NYMEX September natural gas futures breached $3/MMBtu resistance, reaching $3.018/MMBtu on Monday, Aug. 14, but turned lower into the settle as the market considered the gains overdone. Ticking to a $2.925/MMBtu low, the contract settled 2.4 cents lower on the session at $2.959/MMBtu.
As the peak of the summer cooling season nears its end, market participants are looking to weather outlooks as they consider storage building efforts and end-of-season inventories.
Weather outlooks for the midrange period show above-average temperatures across large segments of the country through both the six- to 10-day and eight- to 14-day periods, while also outlining areas where below-average temperatures are expected.
Above-average temperatures dominate in the eastern U.S. in both periods, while portions of the central and West should see below-average temperatures that could limit overall demand for cooling and power-sector consumption of natural gas to fuel power generators.
Natural gas storage builds through the bulk of the injection season thus far have been bullish against the five-year average injections most weeks, resulting in a significant trimming of the year-on-five-year average surplus.
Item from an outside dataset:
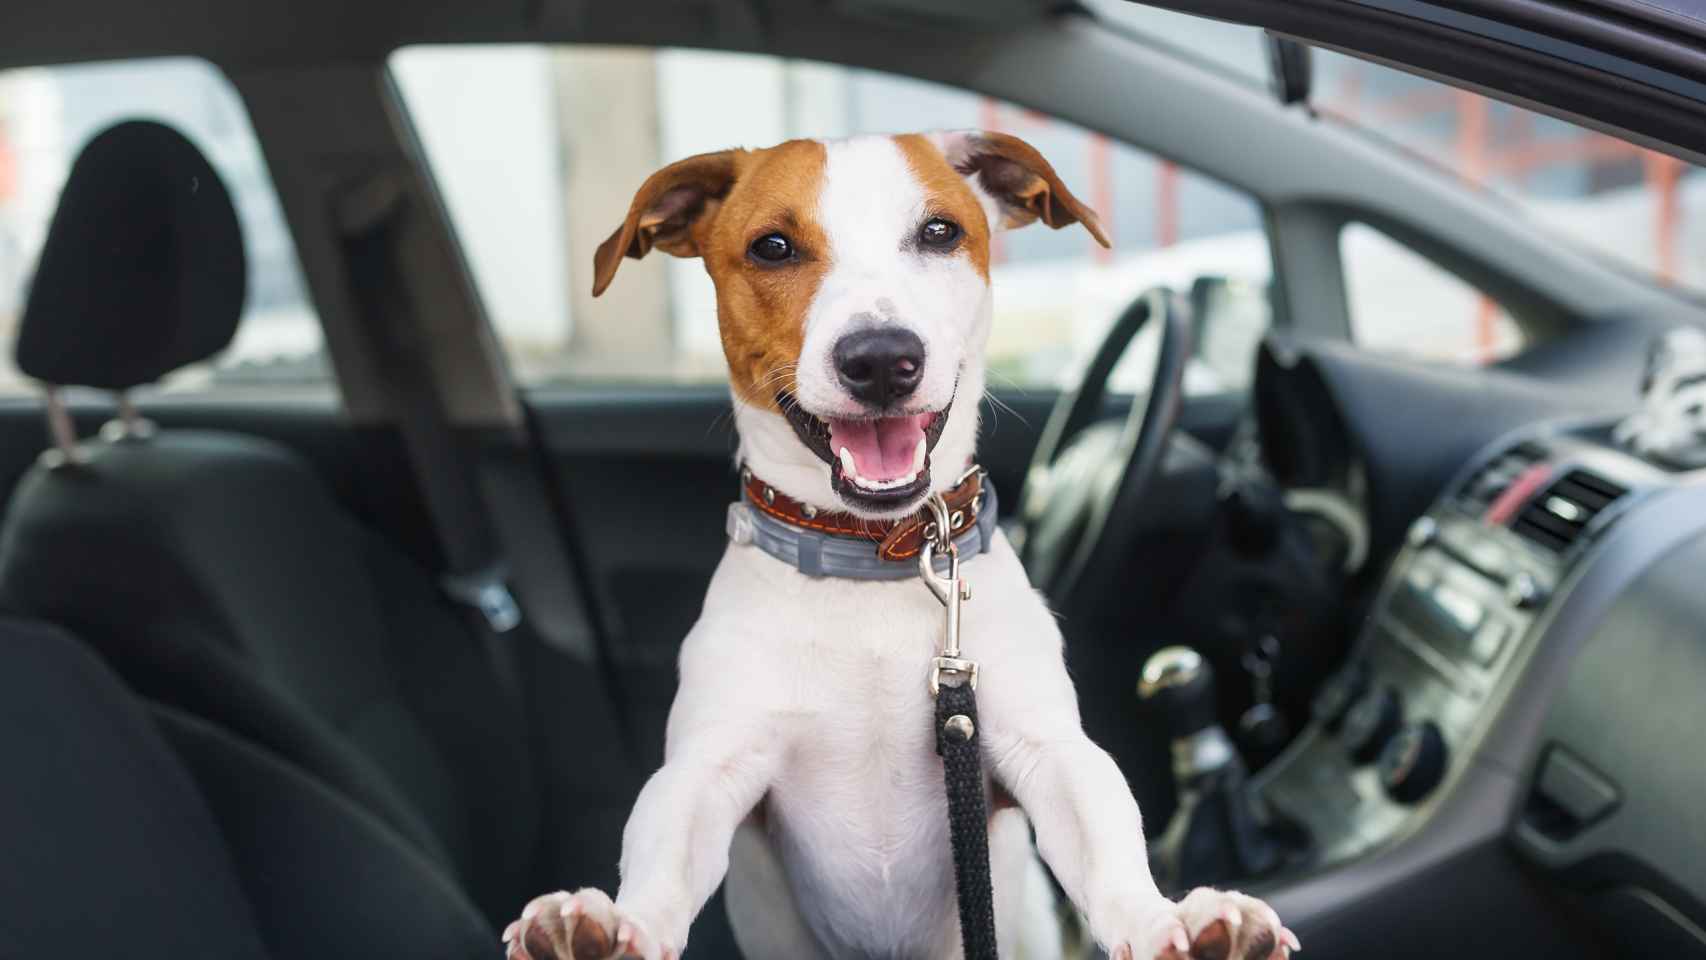 Protectores de vehículo - Viajes - Perros
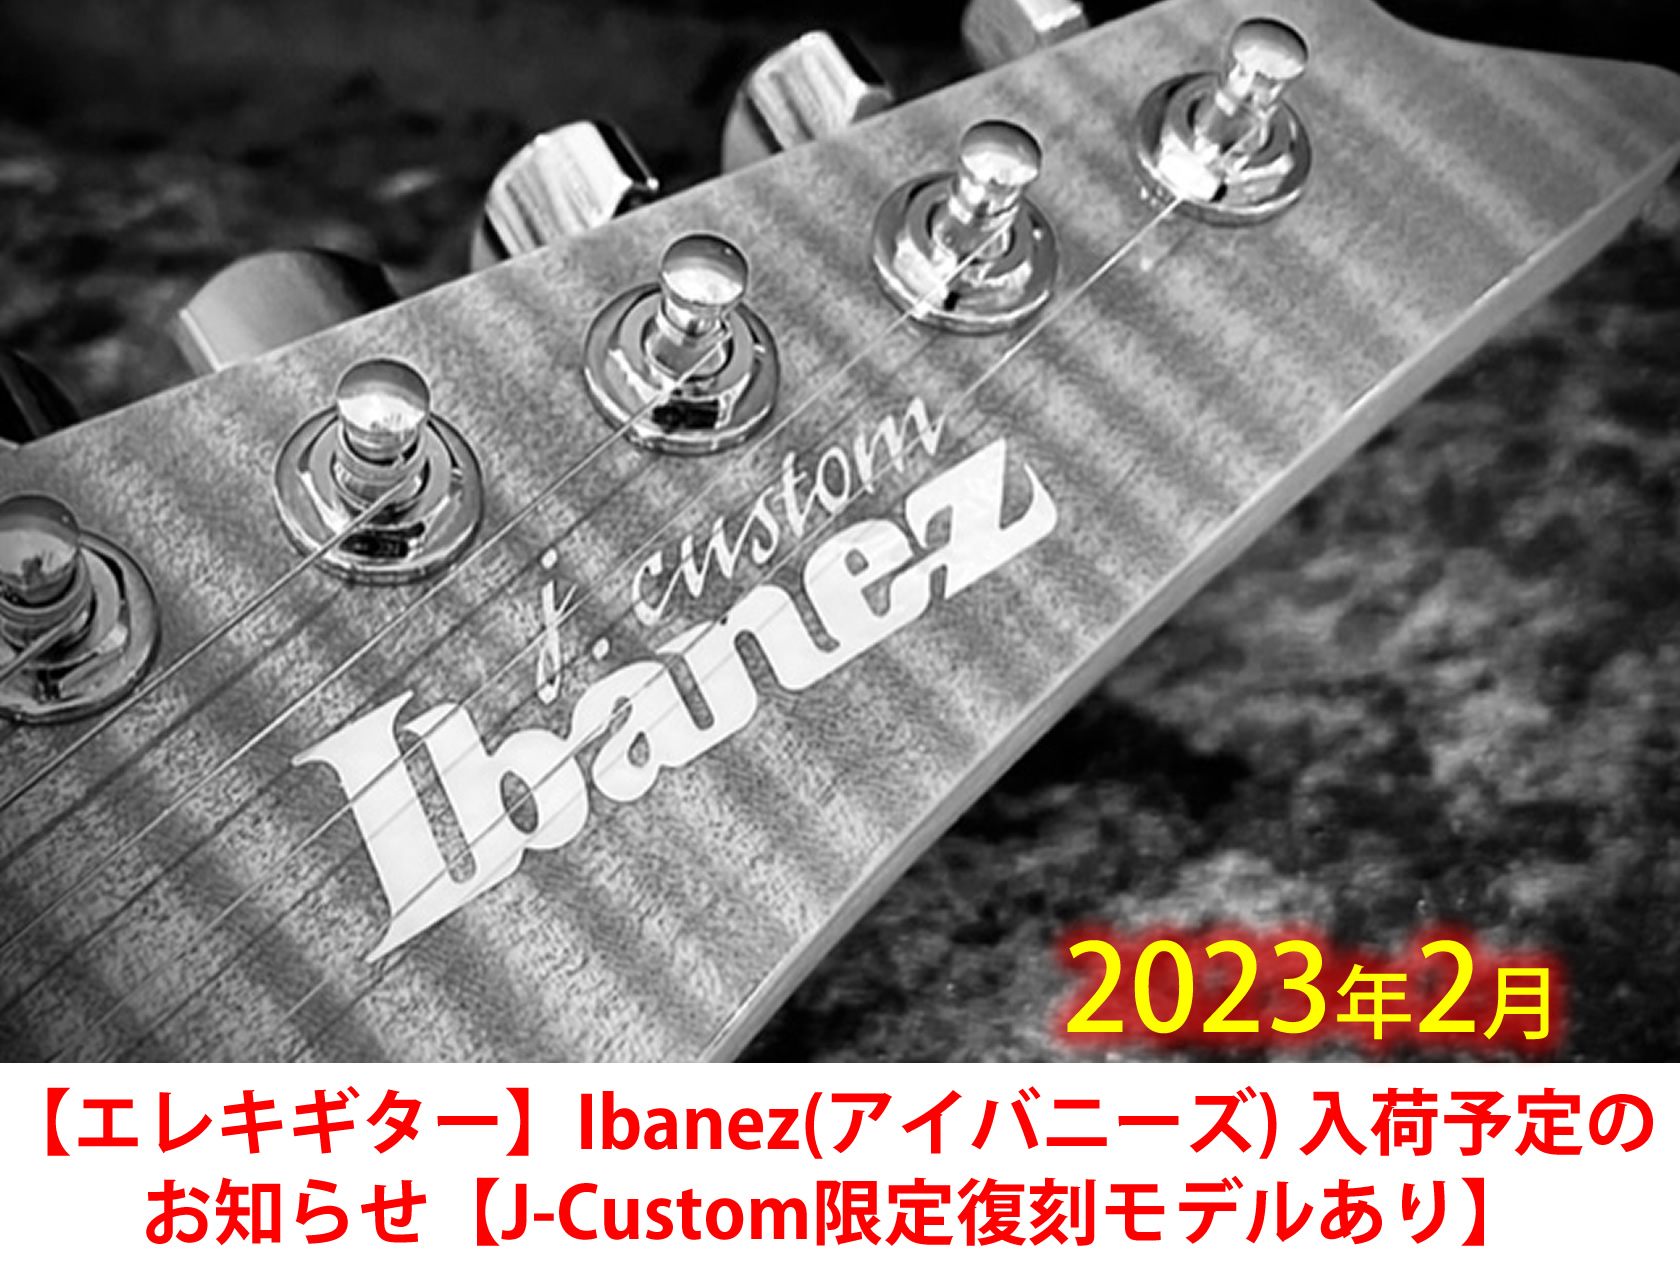 エレキギター】Ibanez(アイバニーズ) 入荷予定のお知らせ【J-Custom

The closely watched surplus level was cut to just 61 Bcf, with the latest injection into the working gas supply of a modest 28 Bcf for the week to Aug. 4.
Despite the trimming of the surplus, the total supply at 3,038 Bcf is a healthy level that offers some downside pressure for values, with weekly injections expected to drive the supply to a near record level by the end of October.
The natural gas storage is expected to exceed 3,900 Bcf by the end of October, according to the latest U.S. Energy Information Administration forecast. This will equal the five-year average but fall short of the record 4,045 Bcf at the end of the 2016 injection season.
While the summer cooling season nears its end, the peak of the hurricane season is just ahead and activity in the tropics have picked up pace, providing a backdrop of concern for the market.
The National Hurricane Center, or NHC, is currently monitoring Tropical Storm Gert, which at 11 a.m. ET was situated about 460 miles west-southwest of Bermuda, moving north near 8 mph and packing sustained winds of 60 mph. The NHC expects the system to make a gradual turn toward the northeast with an increase in forward speed over the next 48 hours.
An additional disturbance situated several hundred miles west-southwest of Cabo Verde Islands at 2 p.m. ET is being monitored for development with a 30% chance of formation within the next 48 hours and a 60% chance over the next five days.
Trades in the day-ahead markets were done at higher prices as demand outlooks point upward in most regions.
At Transco Zone 6 NY, a gain of nearly $1.15 drove the index to more than $2.85. Added support came from pipeline capacity constraints. Tetco-M3 added nearly 25 cents, driving the index there to near $1.85. At the Henry Hub, trades were boosted about 5 cents to an index atop $2.95, while Waha bucked the wider trend, slipping by less than 1 cent to an index near $2.75. Chicago joined the broader uptrend, adding about 1 cent to an index near $2.90. In the West, SoCal Border trade was up more than 1 cent to an index near $2.75, while PG&E Gate bucked the trend with a loss of about 1 cent to an index below $3.30.